I have had my navara for about 6 months now and I LOVE it.  Ok it isn't the most comfortable and plush vehicle ever, but has air con and a CD player, and is nice enough to drive!  The pick-up element is awesome, no more stinky smelly dog in the car, we had 6 Jack Russells in there the other day when we went XC schooling, and picked up 4 bales of hay yesterday without making a mess of the car  Fab.

I have towed off it a couple of times now and will ultimately be towing a lot if my horsebox ever sells, and it has been great, heaviest yet I have towed was about 2t but mine is the old one so rated for 3t, and was absolutely fine with that traler even up some hefty hills.

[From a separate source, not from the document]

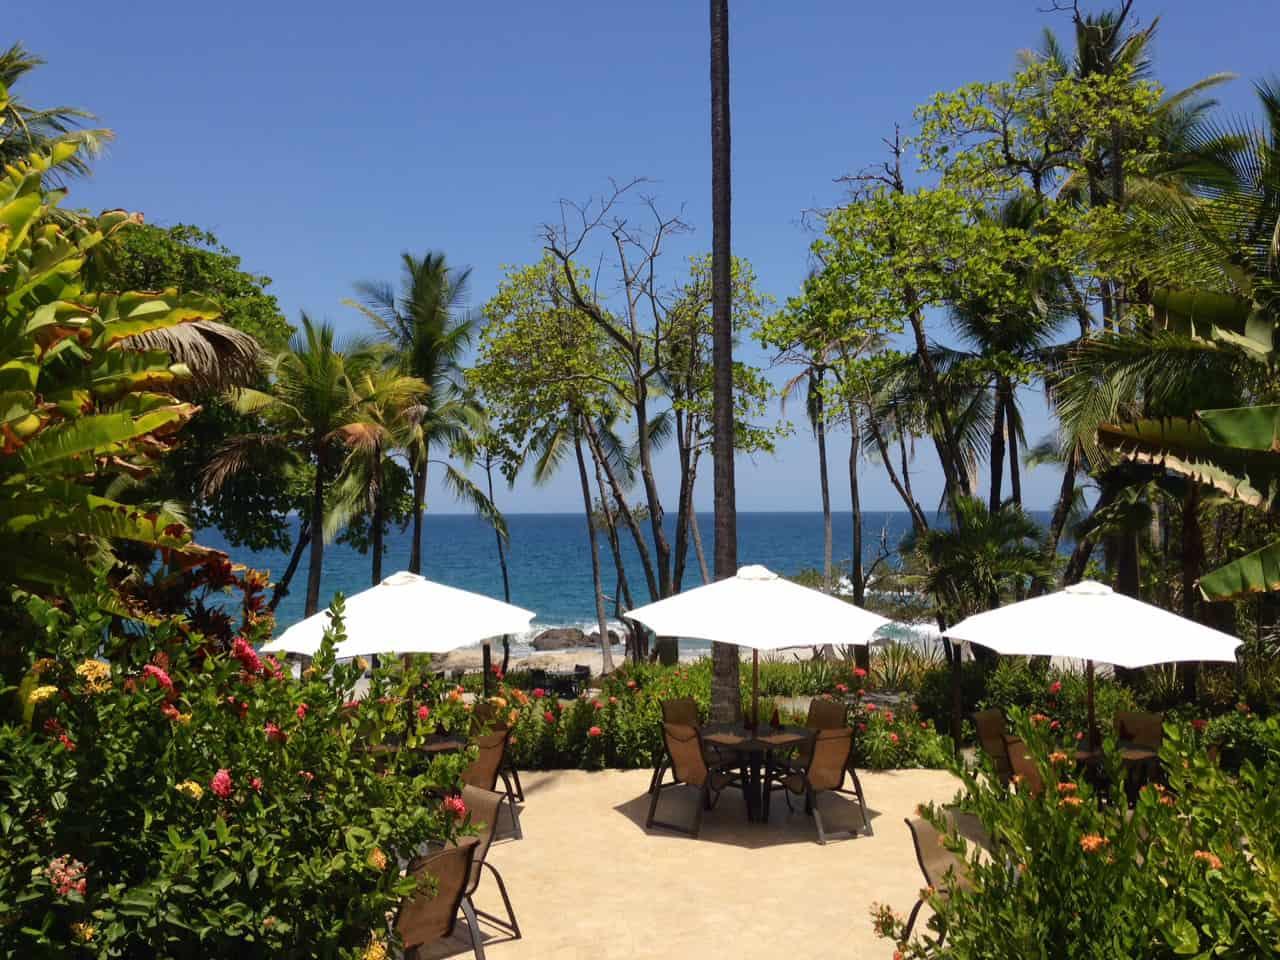 Oceanfront patio at Ylang Ylang Beach Resort

Mine has just ticked round the 100,000 miles last night but has been v well looked after (services ever 6000 miles since new)

Fuel economy wise I have been VERY impressed, I used to have a pajero SWB that was very juicy and this is much better, as said above I reckon on £75 to fill a tank and then get 450+ miles to the tank if I don't go racing about.

In short, so far cannot recommend highly enough!  Before I bought it I did a post on her asking about the best of the doublecabs, and it seemed the most popular all-round - not sure why the ford ranger would be better for towing tho?  Would be interested in hearing why?


----------



## Lill (2 October 2008)

Yes good for towing, and cheaper to run than the Warriers


----------



## c7mlm (2 October 2008)

yes i tow a 510 ifor with 2 x 16.2h with a nissan navara aventura. (slightly bigger than the warrior etc) it is a 2.5DCi. we have had the engine chipped and get about 38mpg . it cost 1.5K to have it done but well worth it getting about an extra 10% to the gallon.


----------



## Gingernags (2 October 2008)

Engine chipped????? Whats all this then????  I love my Navara for towing but it is a wee bit thirstier than my old fiesta!!

Have you more details on this chipping thing? (Sorry to hijack!!!)

And to the OP - they are fab, really useful for fetching hay etc - and a large round bale of haylage fits in perfectly!


----------



## flyawaywish (2 October 2008)

My mum and I have been looking at a Navara pick up to swap for our older four track, so would welcome any comments too!


----------



## BigBird146 (2 October 2008)

Navara will murder the job.
Don't forget it's taxed as a comercial so my dads Navara is cheaper to tax than my regular car (about £165 i think).
I like driving it forwards, the MPG is fine for a big diesel, and there's loads of stuff for all my gear.
On the bad side it is HUGE and I wouldn't really want it as my only car as it's a pig to park in small spaces (get sensors if poss, you need them), it's also very long so isn't easy to manouvre a trailer with (turning circle better than the L200 though) and the back seats aren't comfy for passengers as they are very upright.


----------



## Groom42 (7 October 2008)

We have a Navara - for me it's a real love-hate relationship! The clutch went at 40,000 miles - no assistance from Nissan at all,said "wear and tear".Excuse me? It's supposed to be a work horse,and those first 40,000 were mainly motorway miles,as OH was using it as company car. Having said that,it is great for collecting feed,towing mucktrailer to muck heap,and pulling Sinclair,borrowed when lorry died.It would tow anything sideways up a mountain.Has more oomph than Warrior. HOWEVER - and this is a big one - get the parking sensors fitted.It is c**p at Sainsbury's,outside the Post Office,in fact anywhere other vehicles might be parked! I have reversed over a Ford Focus (too high to see it),reversed into my husband's Saab (ditto), demolished iron post in Morrison's car park (out of field of vision) and reversed too sharply with said muck trailer on back,annihilating rear light cluster and bodywork (too high to see diddy trailer,and I momentarily forgot I had it hitched up). It has cost me HUNDREDS in repairs,and nearly my marriage when I did the Saab! I now have a policy not to reverse if at all possible. I am not a driving liability,despite what OH says - i just find this truck has stripped me of all spatial awareness. I want a battered old beast now,that I can dent to my heart's content,park safely and pull diddy trailer to muck heap. Ideas???


----------